To find the chance of India winning the match, we can break down the problem into two cases based on whether India wins the toss or loses the toss. Let's denote: - \( P(T) \): Probability of India winning the toss = \( \frac{3}{4} \) - \( P(W|T) \): Probability of India winning the match given that it wins the toss = \( \frac{4}{5} \) - \( P(L) \): Probability of India losing the toss = \( 1 - P(T) = 1 - \frac{3}{4} = \frac{1}{4} \) - \( P(W|L) \): Probability of India winning the match given that it loses the toss = \( \frac{1}{2} \) Now, we can use the law of total probability to find the overall probability of India winning the match \( P(W) \): \[ P(W) = P(T) \cdot P(W|T) + P(L) \cdot P(W|L) \] Substituting the values we have: \[ P(W) = \left(\frac{3}{4}\right) \cdot \left(\frac{4}{5}\right) + \left(\frac{1}{4}\right) \cdot \left(\frac{1}{2}\right) \] Calculating each term: 1. For the first term: \[ \frac{3}{4} \cdot \frac{4}{5} = \frac{12}{20} = \frac{3}{5} \] 2. For the second term: \[ \frac{1}{4} \cdot \frac{1}{2} = \frac{1}{8} \] Now we need to add these two results together: To add \( \frac{3}{5} \) and \( \frac{1}{8} \), we need a common denominator.
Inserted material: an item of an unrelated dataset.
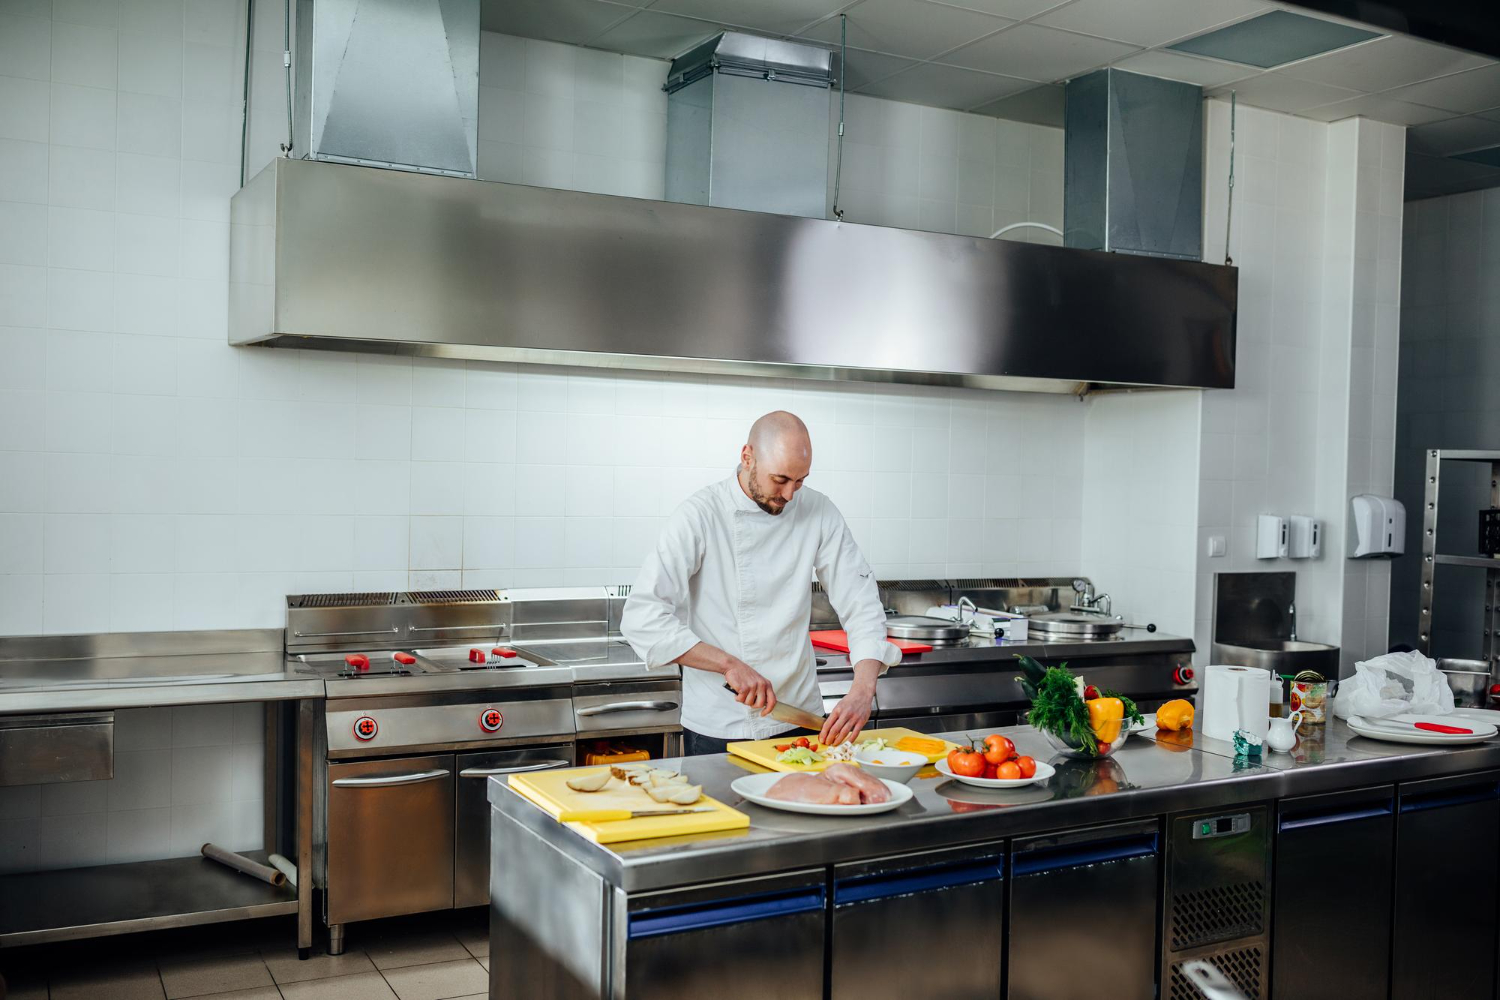 A chef works at a prep table in a commercial kitchen, slicing vegetables and preparing food on cutting boards. Behind the chef is a row of stainless steel fryers and industrial exhaust fans.

The least common multiple of 5 and 8 is 40. Converting each fraction: \[ \frac{3}{5} = \frac{3 \times 8}{5 \times 8} = \frac{24}{40} \] \[ \frac{1}{8} = \frac{1 \times 5}{8 \times 5} = \frac{5}{40} \] Now we can add them: \[ P(W) = \frac{24}{40} + \frac{5}{40} = \frac{29}{40} \] Thus, the chance of India winning the match is: \[ \frac{29}{40} \] ### Final Answer: The chance of India's victory is \( \frac{29}{40} \).